Master: 188.8.131.52 running on W2k8 R2
Media Server: 5230 running 2.5.6
Clients running 184.108.40.206
We have three AIX LPARS running on the same physical chasis. I can back up their filesystems over Fibre Transport just fine unless I'm also (not simoltaniously on the same box) running a DB2 or Informix backup (either all three or two of the three different combinations at once).
Then one of the two or three things running (again, one per LPAR) will throw an out of sequence error and bomb out.
Filesystem alone: works
Filesystem on one box + DB2 on another: error
Filesystem on one box + Informix on another: error
DB2 on one box + Informix on another: error
If I change the DB2 box and the Informix box over to "don't use fibre even if it's there" then everything works great. Slower but great.
Per our Fibre guy the overall traffic (NetBackup plus what the boxes use reading/writing the SAN) isn't even hitting 2 GB out of a possible 8 GB link. And the AIX folks say all the drivers (LPAR and host) were updated last December.
I've played around with shrinking the buffer size while increasing the number of buffers (divide one by 2 and multiply the other by 2, that sorta thing) with no apriciable change...
So do I just give up and declare Fibre Transport a lost cause when a database is involved? Or has someone managed to get this kinda thing working?
Please reply with the detailed status of that job. It will have some details that will help.
When you say out of sequence, are you getting 174 errors? TECH147561 talks about this error and sugests its caused due to defective initiator drivers or overabundant commands from client utilities or device monitoring programs.
Yes, I've been through that one to be limit of my non-Admin rights. And when questioned, the Admins say that everything at their end is up to date and is just fine.
I also occasionally get this error (but not as often) http://www.symantec.com/business/support/index?page=content&id=TECH71062 which is what lead me to try buffers.
I don't have the detailed status available since I clean up my GUI every morning after addressing any >1 error codes. But I pulled the entries for one job from "all log entries" and I've attached it.
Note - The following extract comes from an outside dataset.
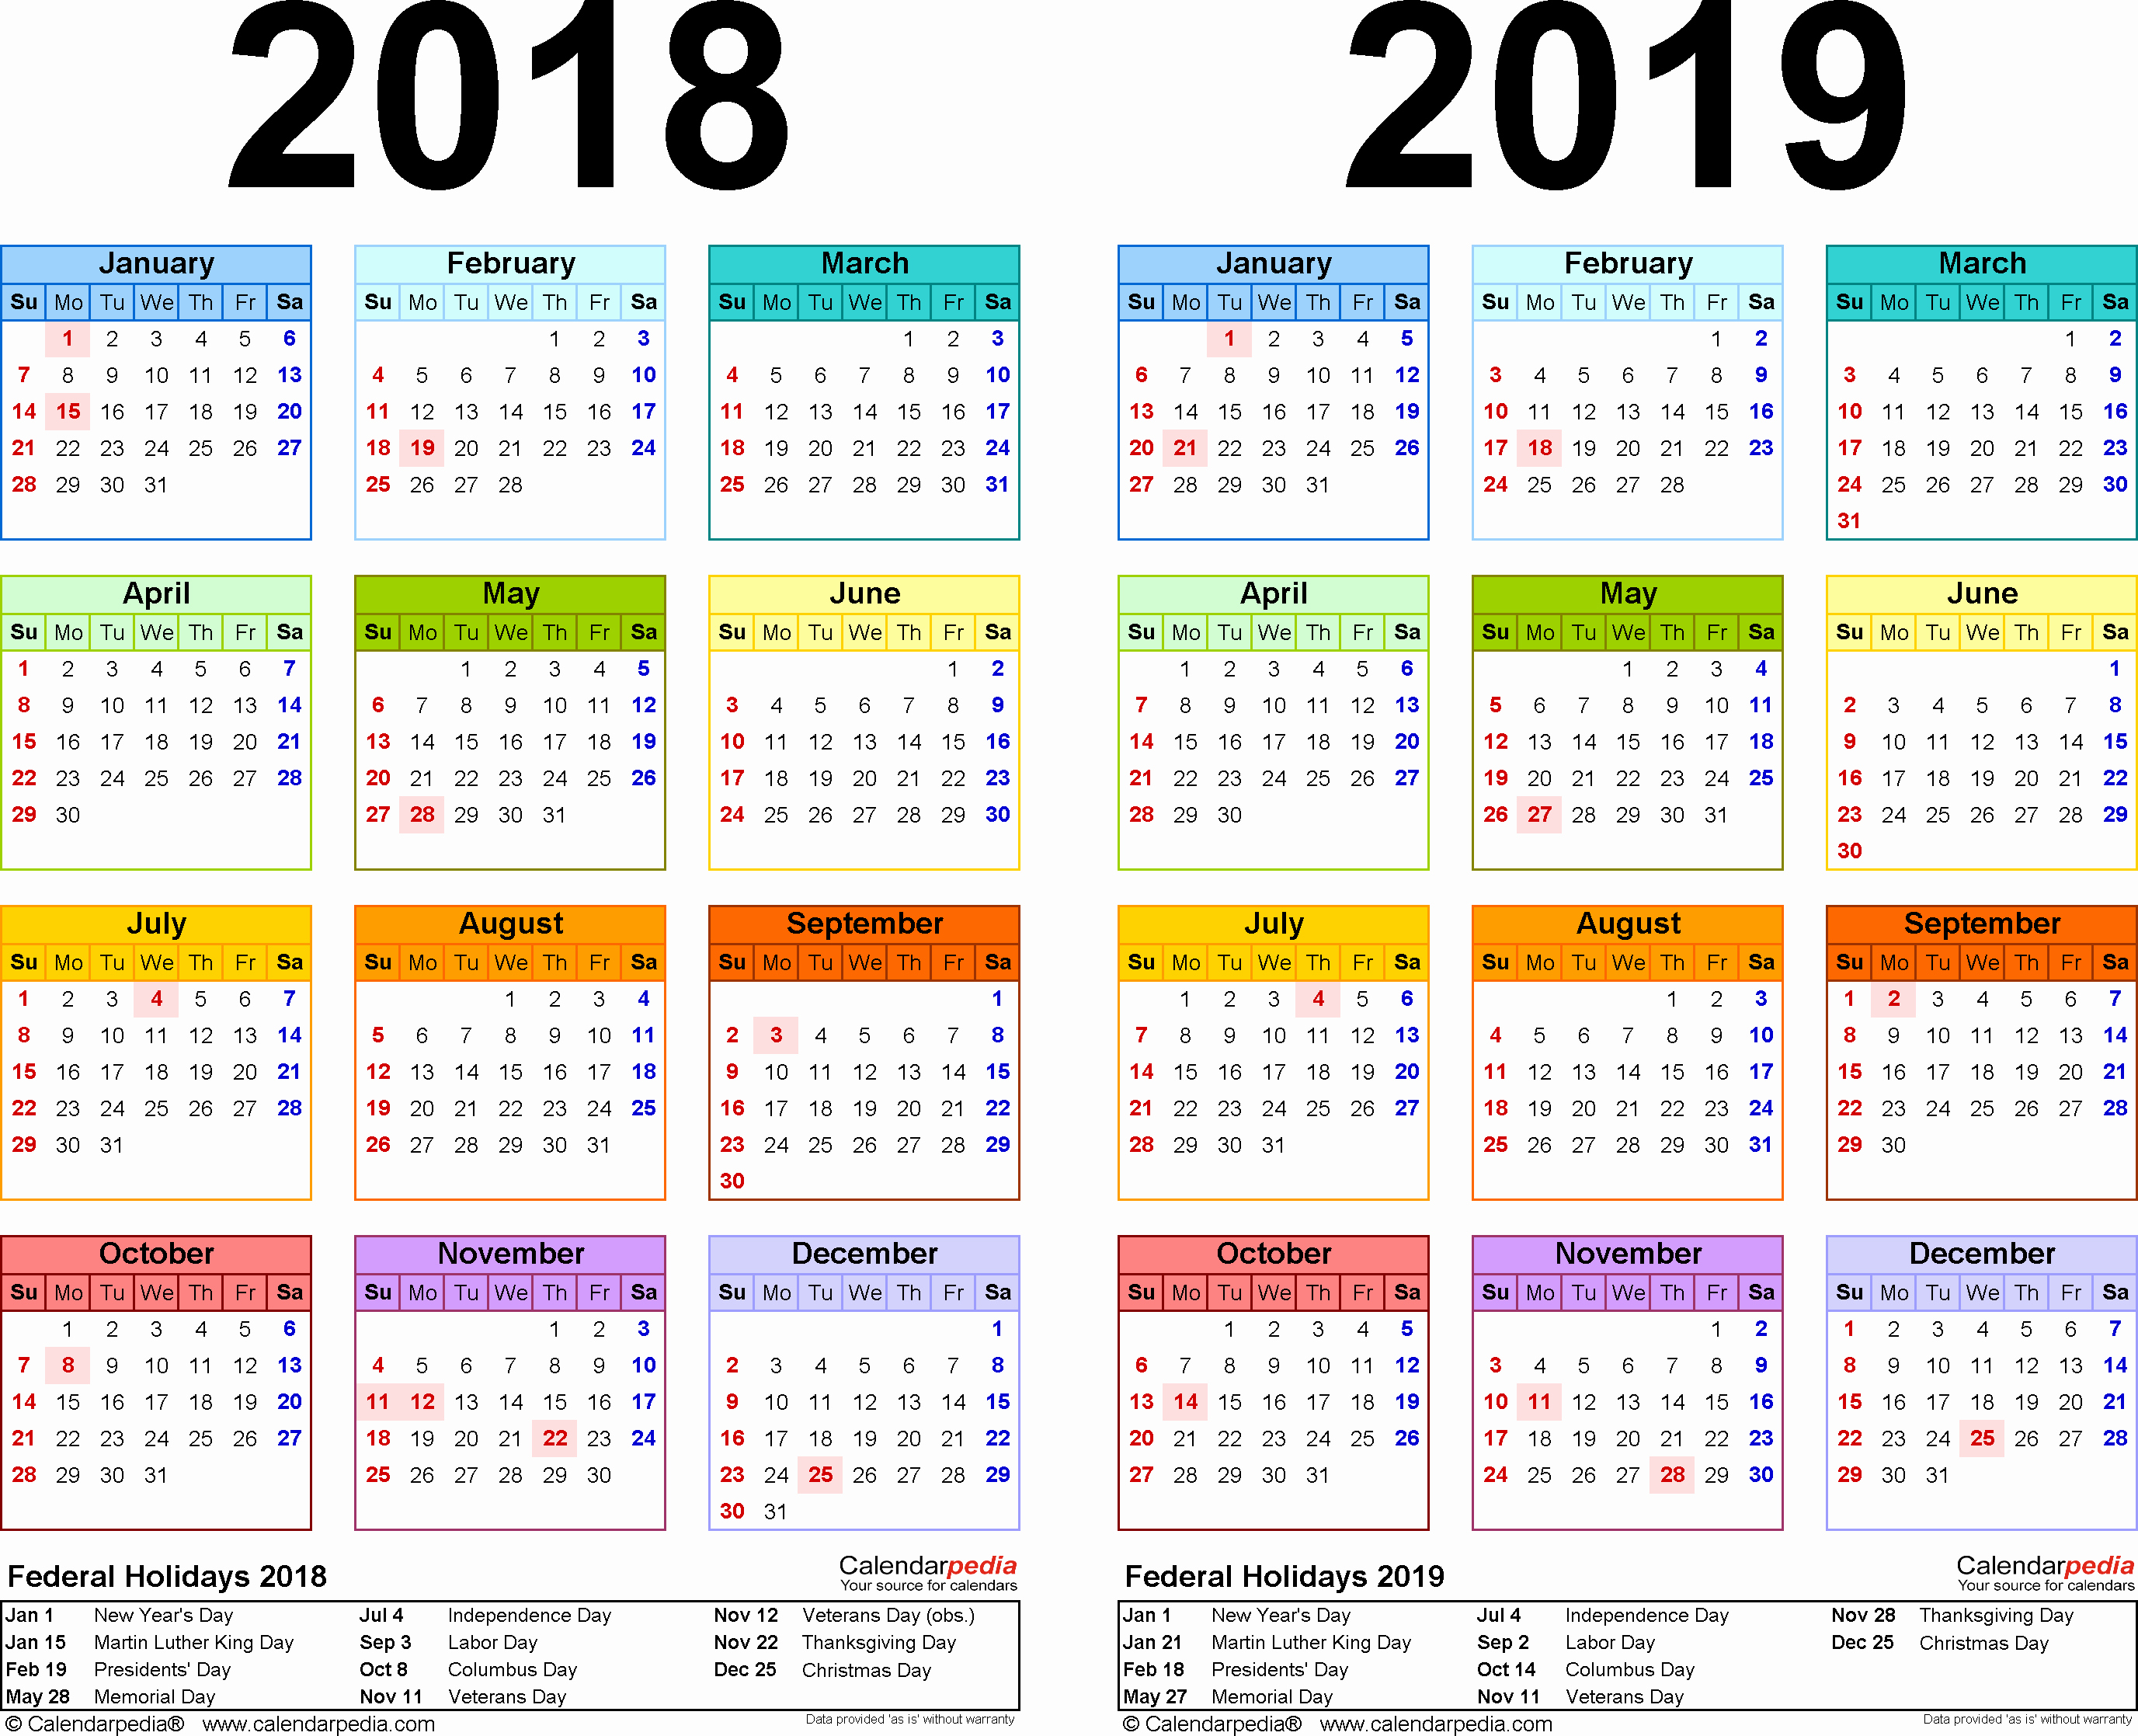 Printable 2018 and 2019 Calendar Fresh 2018 2019 Calendar Free Printable Two Year Pdf Calendars
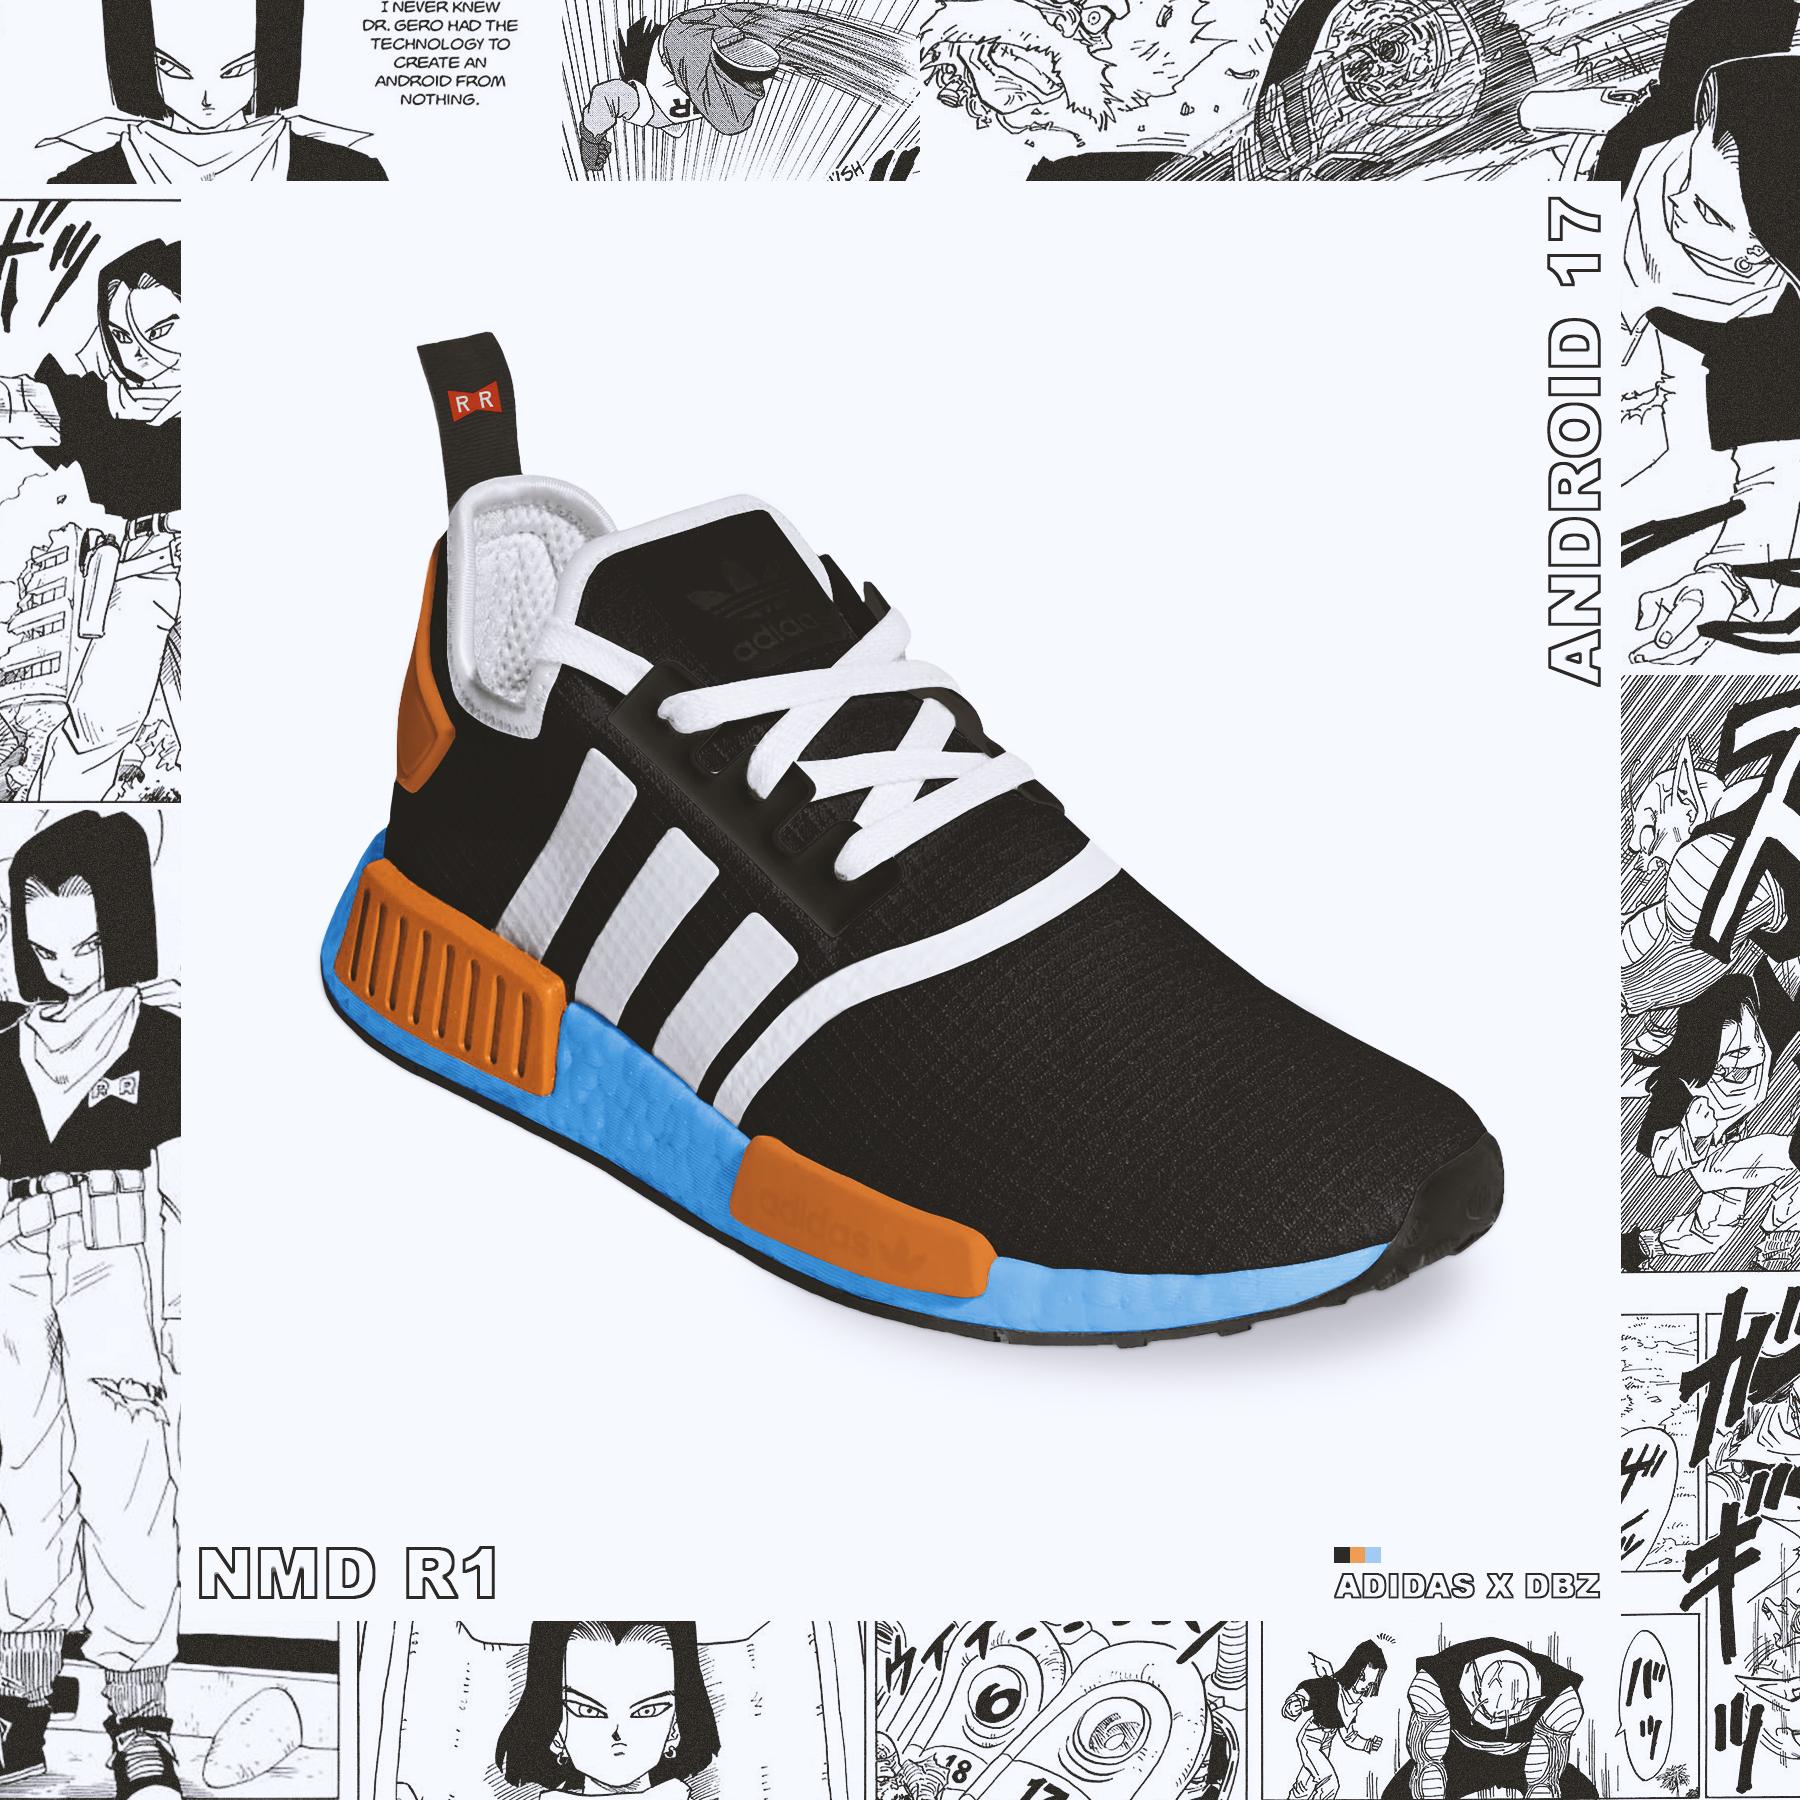 Adidas_17_KevinCarter_01.jpg

This was a filesystem backup that failed when I turned on fibre for the Informix backup that was running at the same time. I finally turned fibre back off, waited until the Informix threads had completed (and the new ones were using the network) before I restarted this for the last time. It finally worked.
It's worth a shot. I was under the impression that most of the .4 -> .7 changes were in the Windows clients (I love the fixes for DFS!) but double checking those release notes does show a lot of fibre related fixes.
I'll get the change request paperwork started and report back once that's done (in a few weeks)...